JPS63210898A

JPS63210898A - Voice synthesizer

Info

Publication number: JPS63210898A
Application number: JP62043121A
Authority: JP
Inventors: 利光蓑輪
Original assignee: Matsushita Electric Industrial Co Ltd
Current assignee: Panasonic Holdings Corp
Priority date: 1987-02-27
Filing date: 1987-02-27
Publication date: 1988-09-01

Abstract

(57)【要約】本公報は電子出願前の出願データであるた
め要約のデータは記録されません。(57) [Summary] This bulletin contains application data before electronic filing, so abstract data is not recorded.

Description

【発明の詳細な説明】（産業上の利用分野）本発明は、本発明の音声合成装置は、ワードプロセッサ
等に入力した文字列の読合せ、盲人の読書用等に利用さ
れる。DETAILED DESCRIPTION OF THE INVENTION (Field of Industrial Application) The speech synthesis device of the present invention is used for reading aloud character strings input into a word processor or the like, for reading by blind people, etc.

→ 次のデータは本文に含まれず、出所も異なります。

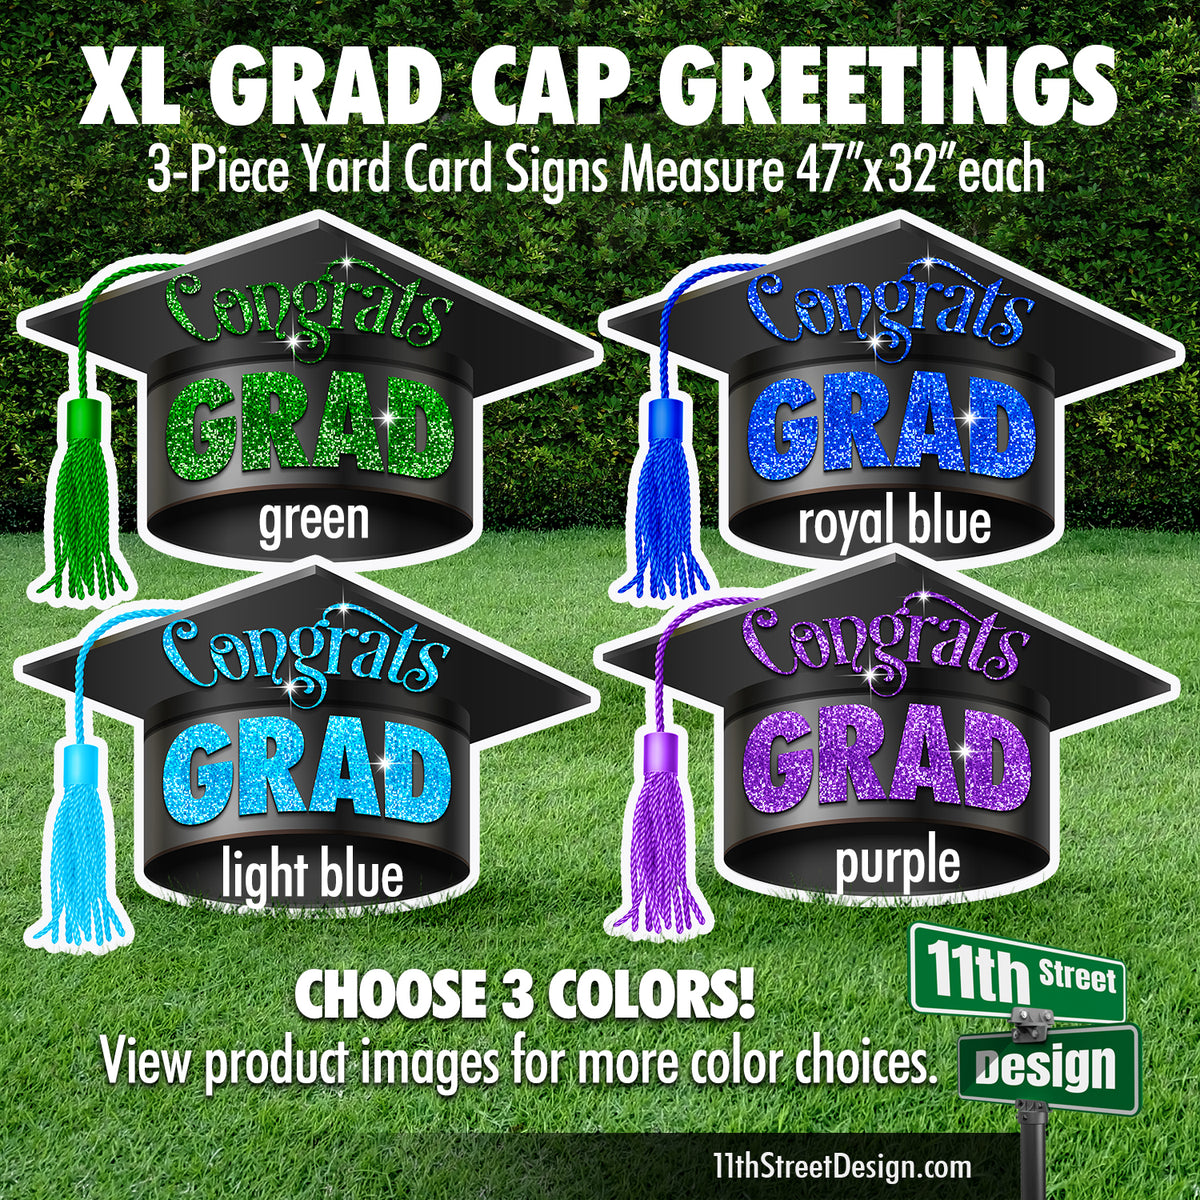 XL Grad Cap Greetings Yard Card Setup Signs for Graduations - Choose your colors!

（従来の技術）第４図は従来の音声合成装置の構成を示すもので、１は
、声道の特性を共振・反共振であられした声道パラメー
タがファイルされた声道パラメータファイルで、声道パ
ラメータは、約１Ｏｎ＋ｓ毎に音声を分析して得たとこ
ろのホルマント周波数及びバンド幅の情報や、スペクト
ルを線スペクトル化したＬＳＰパラメータ等で構成され
ている。２は、文字列が入力すると、それ等の文字列に
含まれる音節の声道パラメータを声道パラメータファイ
ル１から選択して、時間的に配列した上、補間計算によ
って算出した声道パラメータを各音節間の補間区間に挿
入して、それ等の音節を結合する声道パラメータ結合部
、３は、アンプ制御情報が入力すると、パルス列及び白
色雑音の振幅を決定するアンプ計算部、４は、抑揚制御
情報が入力すると、パルス列のパルス間隔（以下ピッチ
という）を決定する抑揚計算部、５はアンプ計算部３で
決定された振幅及び抑揚計算部で決定されたパルス間隔
に基づいてパルス列を出力するパルス列発生部、６はア
ンプ計算部３で決定された振幅に基づいて白色雑音を出
力する白色雑音発生部、７はパルス列及び白色雑音が声
道に入力したときの声道中の透過波及び反射波を計算す
ることにより、口唇からの透過波として所望の音声信号
を得る音響計算部で、この音響計算部７はデジタル計算
機で構成されている。８は音響計算部７から出力された
デジタル音声信号をアナログ音声信号に変換するＤ／Ａ
コンバータ、９はアナログ音声信号によって駆動される
スピーカである。(Prior art) Fig. 4 shows the configuration of a conventional speech synthesizer. 1 is a vocal tract parameter file containing vocal tract parameters obtained by comparing vocal tract characteristics with resonance and anti-resonance; The road parameters are composed of information on formant frequency and bandwidth obtained by analyzing speech every 1 On+s, LSP parameters obtained by converting a spectrum into a line spectrum, and the like. 2, when character strings are input, the vocal tract parameters of the syllables included in those character strings are selected from the vocal tract parameter file 1, arranged temporally, and the vocal tract parameters calculated by interpolation calculation are 3 is an amplifier calculation unit that determines the amplitude of the pulse train and white noise when the amplifier control information is input; 4 is the intonation; When control information is input, an intonation calculation section 5 determines the pulse interval (hereinafter referred to as pitch) of the pulse train, and 5 outputs a pulse train based on the amplitude determined by the amplifier calculation section 3 and the pulse interval determined by the intonation calculation section. A pulse train generator, 6 a white noise generator that outputs white noise based on the amplitude determined by the amplifier calculator 3, and 7 a transmitted wave and reflection in the vocal tract when the pulse train and white noise are input to the vocal tract. This acoustic calculation section 7 obtains a desired audio signal as a transmitted wave from the lips by calculating waves, and this acoustic calculation section 7 is composed of a digital computer. 8 is a D/A that converts the digital audio signal output from the acoustic calculation unit 7 into an analog audio signal.
Converter 9 is a speaker driven by an analog audio signal.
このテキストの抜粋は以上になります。